TUMT and PAE are minimally invasive procedures performed in an outpatient setting that have been shown to reduce LUTS in a similar magnitude. To date there are no randomised clinical trials comparing PAE to TUMT, which is problematic as the most prominent problem with minimally invasive BPH treatment is the lack of proper selection of candidates for a specific procedure. Non-inferiority of TUMT to PAE is expected, with analysis of the secondary outcomes, the investigators aspire to contribute to a better understanding of patient selection for either treatment.
Eligibility
Inclusion Criteria:
- Ability to understand and the willingness to sign an informed consent.
- Diagnosis of LUTS secondary to BPH refractory to/contraindicated for medical treatment or not patient preference.

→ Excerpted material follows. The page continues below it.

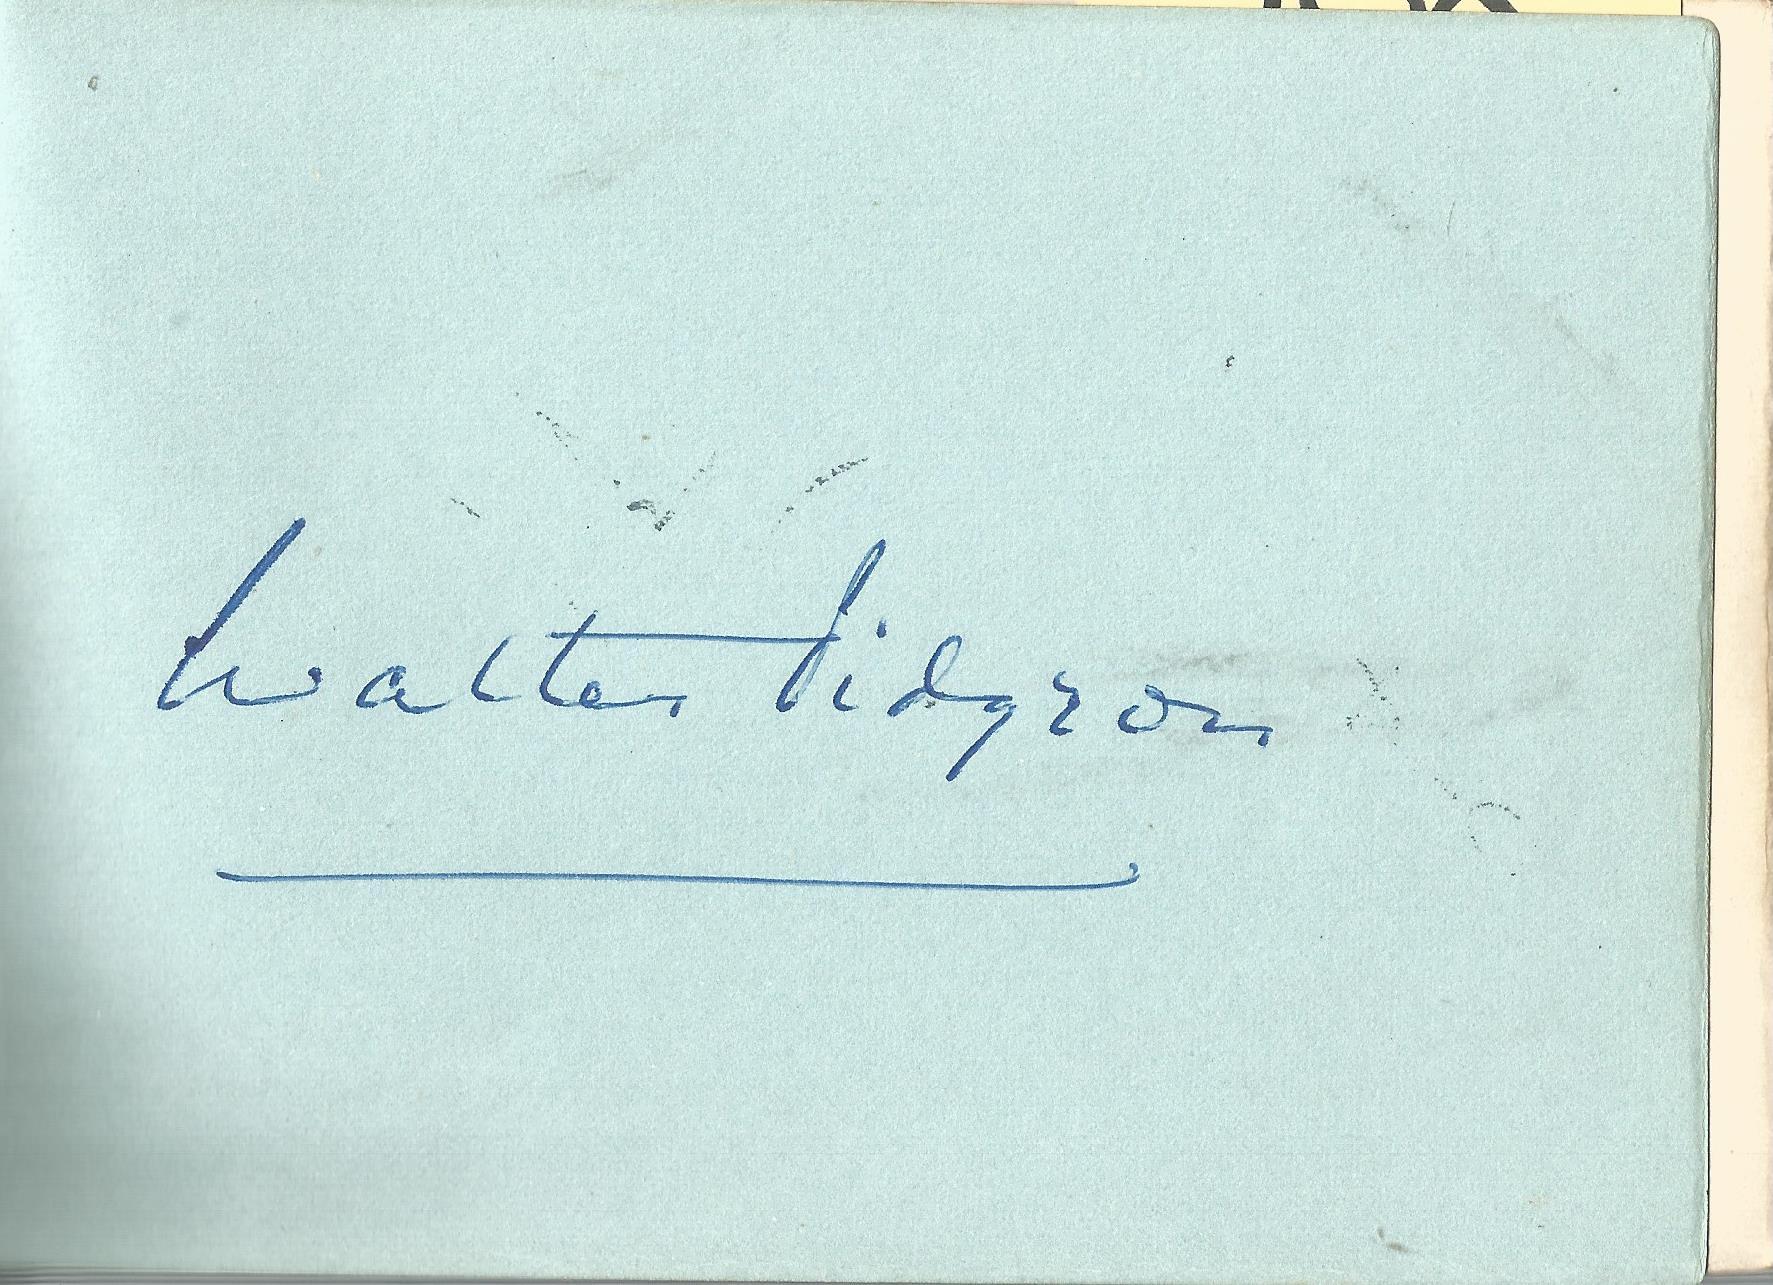 Walter Pigeon signed 6x4 album page. Walter Davis Pidgeon (September 23, 1897 - September 25,

- Severe urinary symptoms on IPSS (IPSS score ≥ 20).
- Bladder outlet obstruction (BOO) is defined by Qmax ≤ 15ml/sec, based on uroflowmetry.
- Prostate volume at minimum 50 ml measured by TRUS or MR.
- Men with prostate cancer in Active Surveillance or Watchful Waiting who have LUTS due to a large BPH component are allowed.
- Indwelling catheter or intermittent catheter is allowed. In this case baseline IPSS is 35 points.
Exclusion Criteria:
- Active bladder cancer (patients with pTa low-grade tumors are allowed).
- Previous pelvic radiation for cancer treatment.
- Bladder stones (inclusion is allowed after removal).
- Current urethral strictures or bladder neck contracture.
- Neurogenic LUTS.
- Symptomatic urinary tract infection at the time of intervention.
- Documented bacterial prostatitis in the last year.
- Severe atheromatous disease or other pathology preventing catheter-based intervention (as rated on CT angiography by an interventional radiologist).
- Allergy to iodinated contrast media.
- Renal failure defined as estimated glomerular filtration rate (eGFR) < 35ml/min.
- High bleeding risk (spontaneous international normalized ratio (INR) > 1.6).
- Contraindication to conscious sedation (if requested by the patient).
- Prostate median lobe defined by treating physician.
- Urethral colliculus to bladder neck length <35mm.